Если минутой раньше Краковский лишь догадывался, то теперь окончательно понял, что Буслаеву известно о нем немало, если он знает даже отдельные его изречения. Решил: тактика поведения на следствии должна быть четкой: увести следователя в сторону, запутать, а при первой же возможности бежать.
— Назовите, кто, как и вы, сотрудничал с немецкой Службой безопасности, а теперь находится в вашей банде? — не отступал Буслаев.
— Все-таки решили, что «лесными братьями» командую я…
— Я располагаю экземпляром приказа Хейфица на этот счет.
— Странно… Решили взять на выдумку?
— Вы не ответили на мой вопрос, Краковский.
— Я могу ошибиться и оговорить людей.
— Допустим. Мы еще вернемся и к этим вопросам.

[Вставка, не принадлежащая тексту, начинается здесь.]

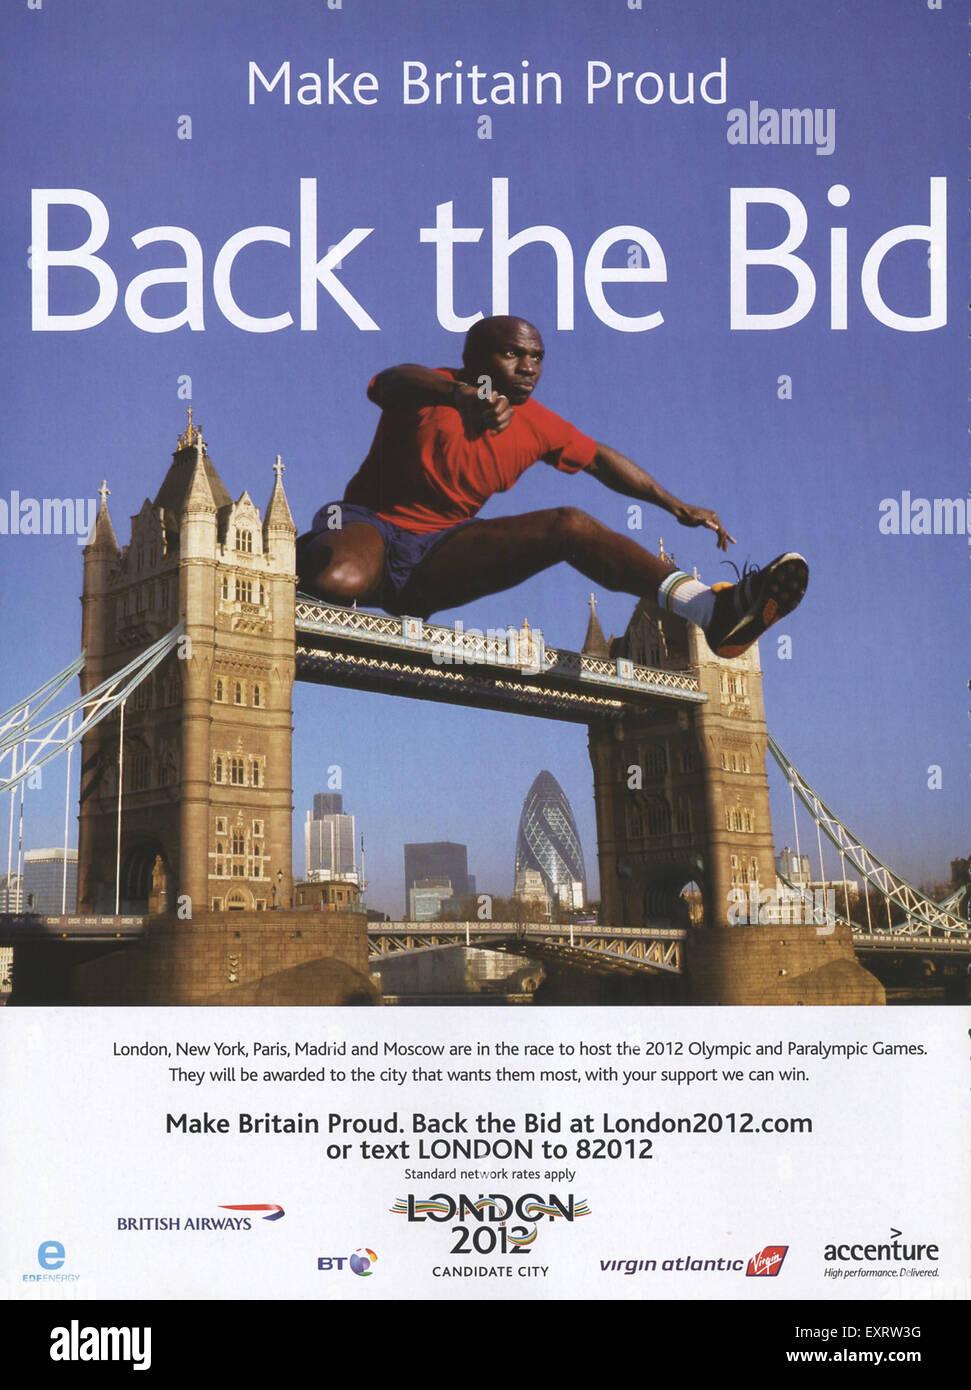 2000s UK Back the bid London 2012 Magazine Advert - Stock Image
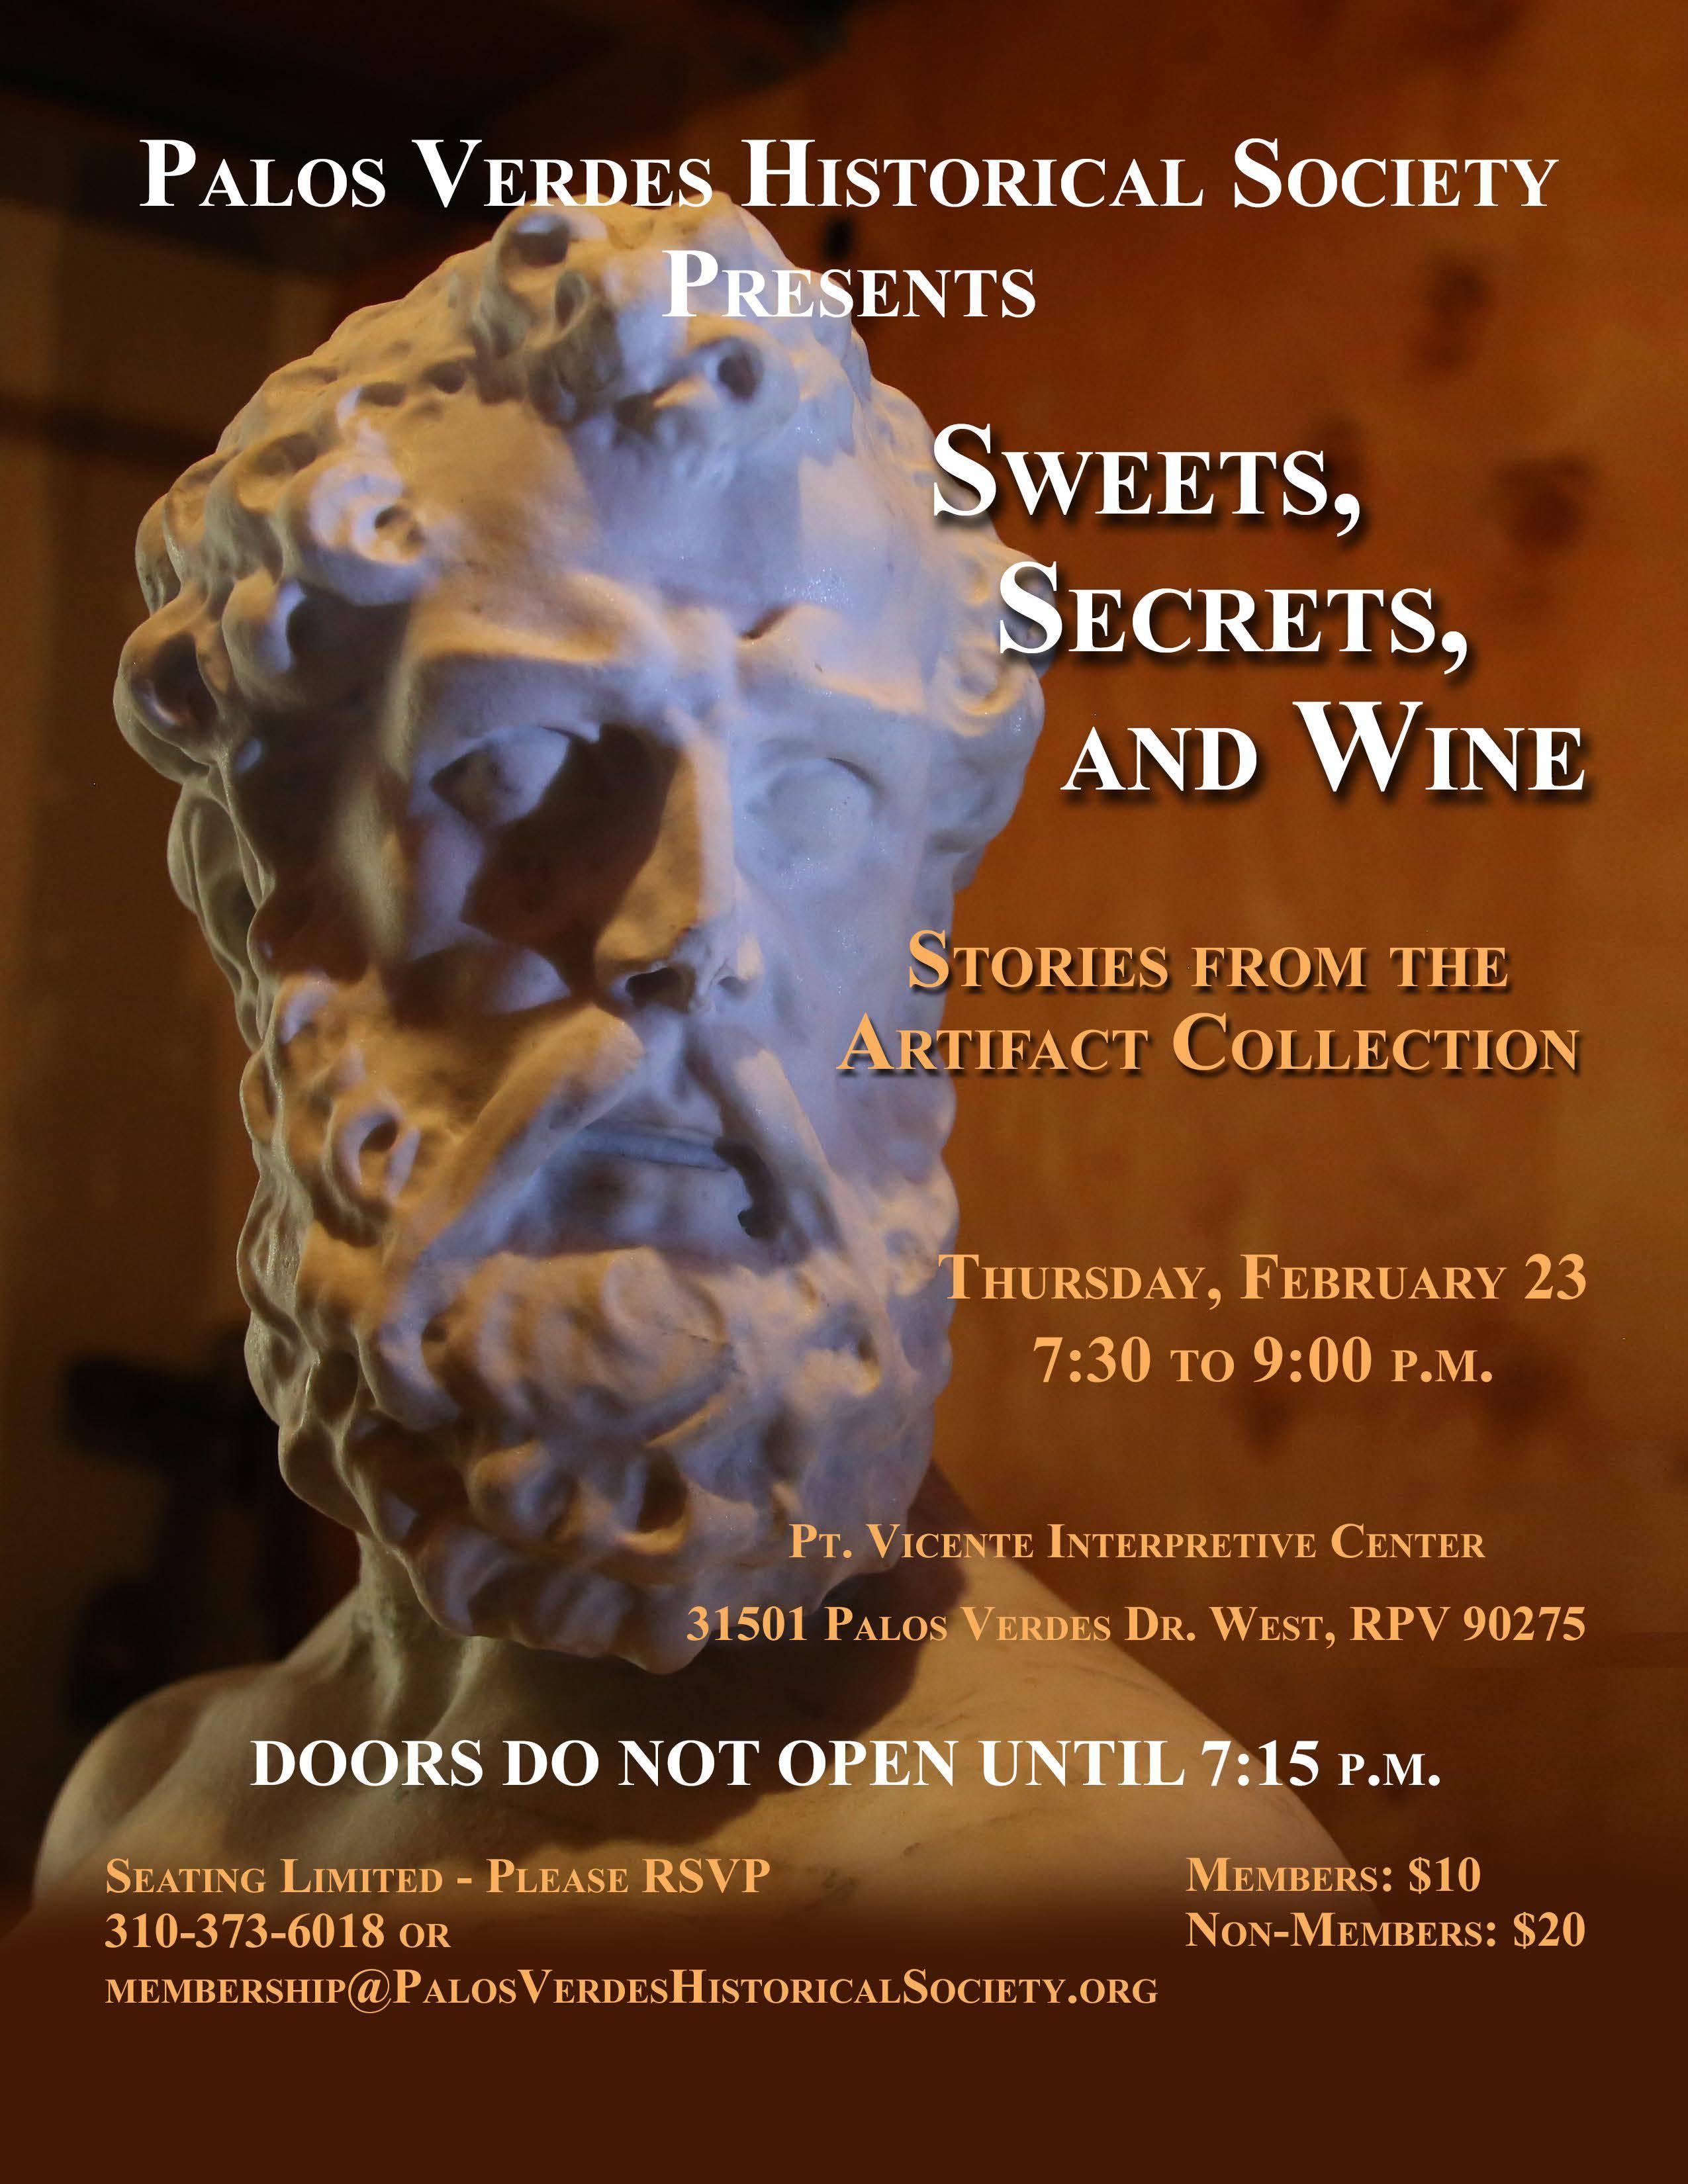 Palos Verdes Historical Society Presents Sweets, Secrets, and Wine @ Pt. Vincente Interpretive Center | Rancho Palos Verdes | California | United States

Но хотел бы предупредить: ложь, сокрытие фактов лишь усугубляют ваше положение и усиливают ответственность перед законом.
Буслаев хорошо помнил приказ генерала Петрова — быть беспощадным к бандитам и никому не доверять, не верить.
Вызвав Сергея, рослого и сильного осодмильца, Буслаев поручил ему охранять задержанного.
— Малейшая попытка к бегству — стреляй по ногам, — предупредил его.
— У меня не забалует, — ответил Сергей и скомандовал: — А ну, сядь, как положено арестованному! Ишь, развалился.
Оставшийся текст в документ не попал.